For multiphage products, individual potency testing of each phage component is mandatory, unless a scientifically robust justification for composite testing is accepted. Stability studies must also monitor the infectious titre of each component over time.
The guideline also requires manufacturers to perform pharmaceutical development studies, define the quality target product profile (QTPP), identify critical process parameters, and demonstrate comparability between clinical and commercial formulations.
3. Control of the Finished Product
Finished product specifications must include tests for appearance, potency, identity, pH, osmolality, visible and subvisible particles, microbiological quality, and any other relevant physical attributes.
Potency testing follows Ph. Eur. general chapter 2.7.38 (“Bacteriophage Potency Determination”), currently under development, which will provide harmonised assay principles for determining the infectious titre.

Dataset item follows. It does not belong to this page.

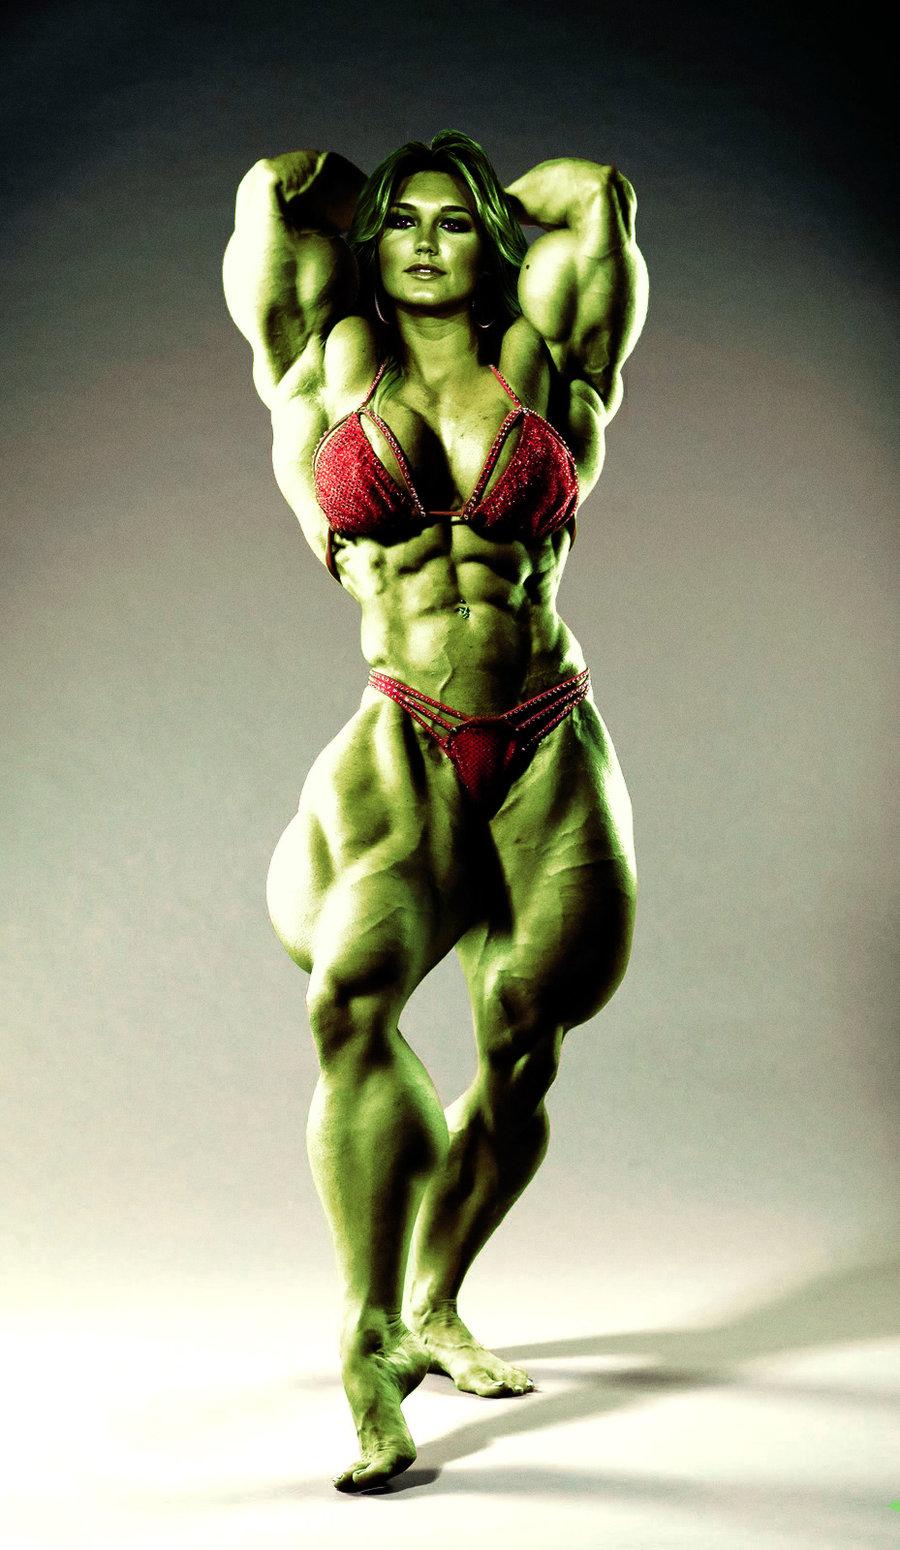 brooke_hogan_as_she_hulk_by_catdigitalart-d4zdxmc.jpg

Microbiological quality testing depends on the intended route of administration, with sterility testing required for sterile products. Analytical validation summaries should be provided for all test methods.
4. Reference Materials and Stability
Reference materials for potency testing should be established in accordance with ICH requirements and monitored for stability.

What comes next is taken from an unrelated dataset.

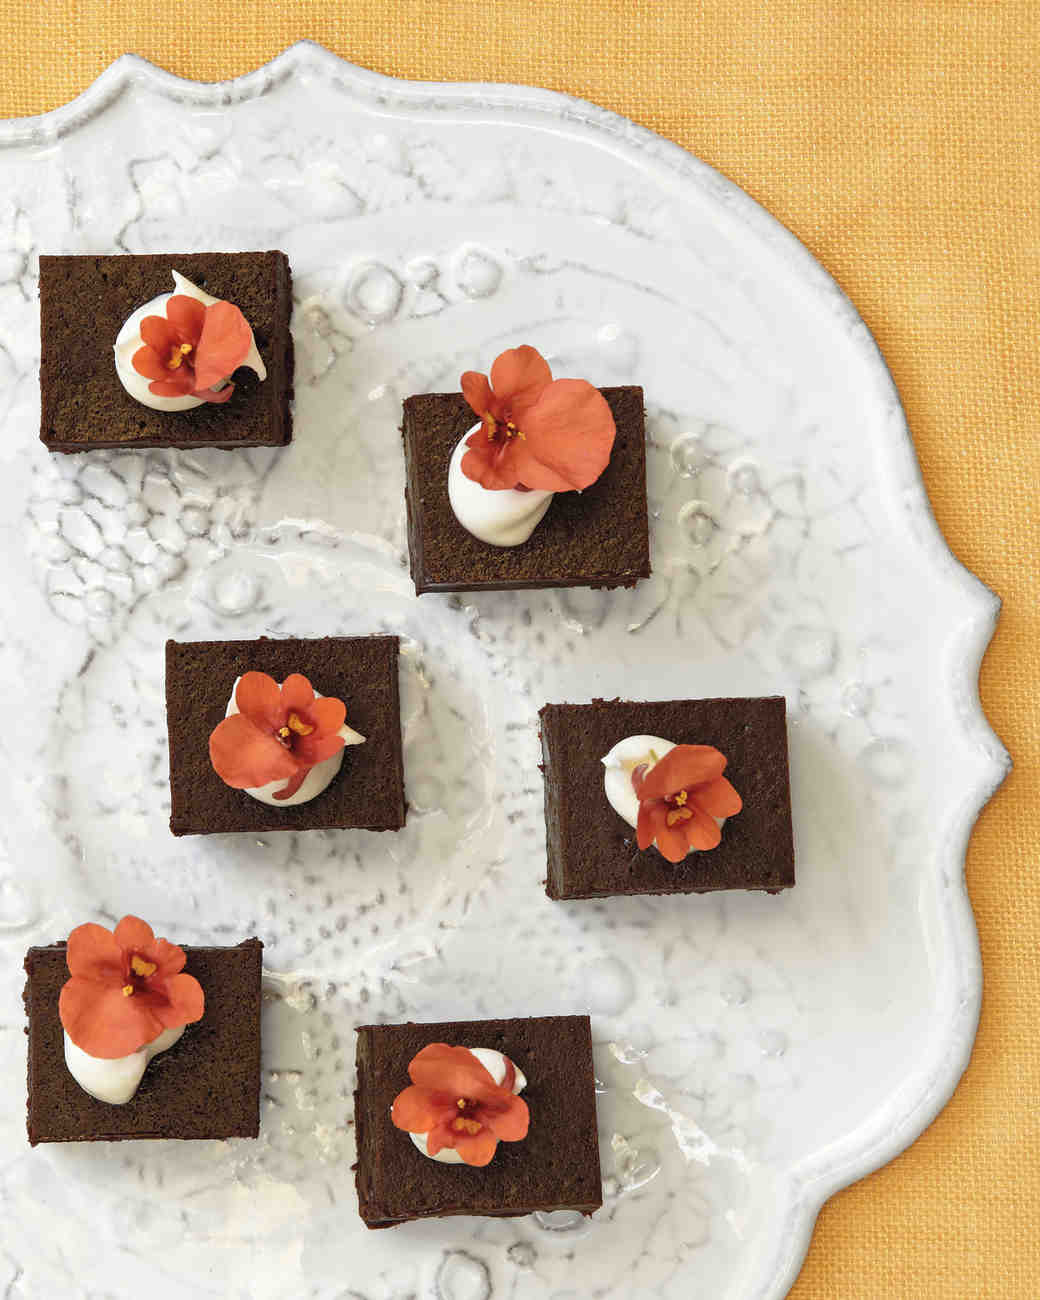 desserts-49-mwd109382.jpg

Finished product stability studies should follow ICH guidelines, considering factors such as temperature, pH, agitation, and container closure systems.
Regulatory and Lifecycle Management Considerations
The guideline addresses a critical question in phage therapy regulation: how to manage changes in the composition of a phage product after marketing authorisation.
Under current EU law, phage therapy products fall under the same legal framework as other biological medicines. Consequently, any modification of the active substance composition—such as replacing or adding a new phage to a cocktail—constitutes an extension of the marketing authorisation under Regulation (EC) No 1234/2008.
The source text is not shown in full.